• **Task item**
Only the lines from the one containing "Portable USB Air" through the one containing "Rio de Janeiro, Brazil." should be printed, exactly as they appear below, with both ends included.

*** Opening of Records for the exercise ***

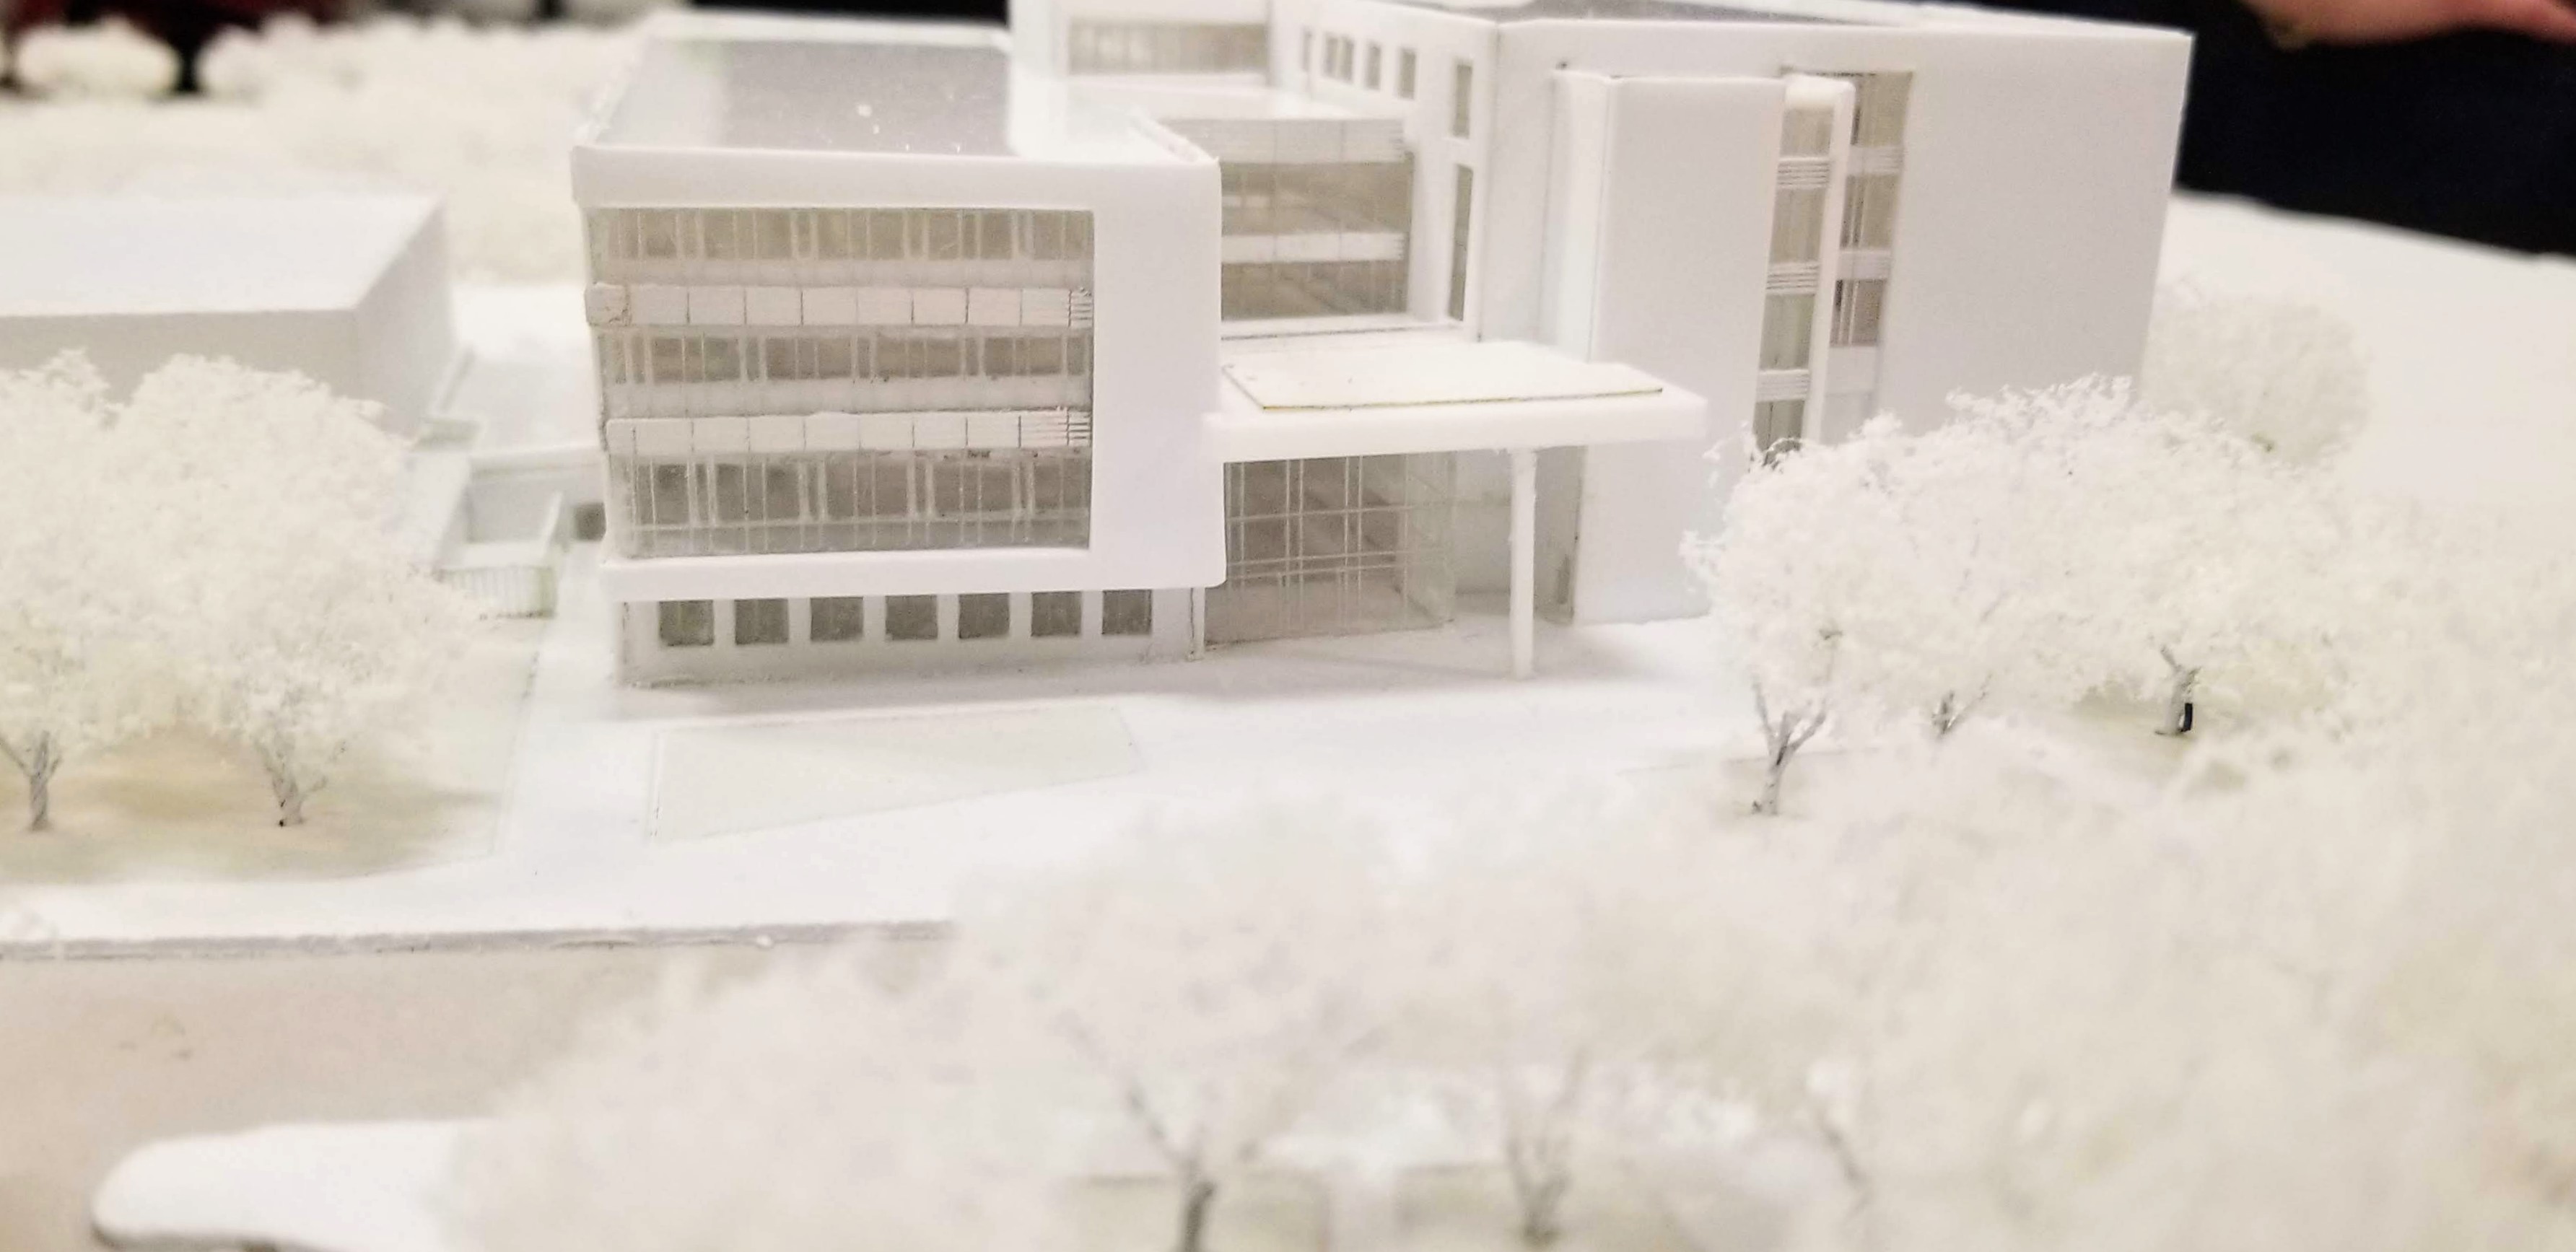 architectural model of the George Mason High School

*** Close of Records for the exercise ***
*** Opening of Records for the exercise ***

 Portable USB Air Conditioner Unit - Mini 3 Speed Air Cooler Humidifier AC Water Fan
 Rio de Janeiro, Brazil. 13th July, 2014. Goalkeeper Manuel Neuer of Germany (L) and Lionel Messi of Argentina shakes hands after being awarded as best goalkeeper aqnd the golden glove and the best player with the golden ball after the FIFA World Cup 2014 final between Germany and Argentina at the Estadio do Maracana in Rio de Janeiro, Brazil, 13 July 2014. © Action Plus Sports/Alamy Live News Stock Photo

*** Close of Records for the exercise ***

• **Task output**
 Portable USB Air Conditioner Unit - Mini 3 Speed Air Cooler Humidifier AC Water Fan
 Rio de Janeiro, Brazil. 13th July, 2014. Goalkeeper Manuel Neuer of Germany (L) and Lionel Messi of Argentina shakes hands after being awarded as best goalkeeper aqnd the golden glove and the best player with the golden ball after the FIFA World Cup 2014 final between Germany and Argentina at the Estadio do Maracana in Rio de Janeiro, Brazil, 13 July 2014. © Action Plus Sports/Alamy Live News Stock Photo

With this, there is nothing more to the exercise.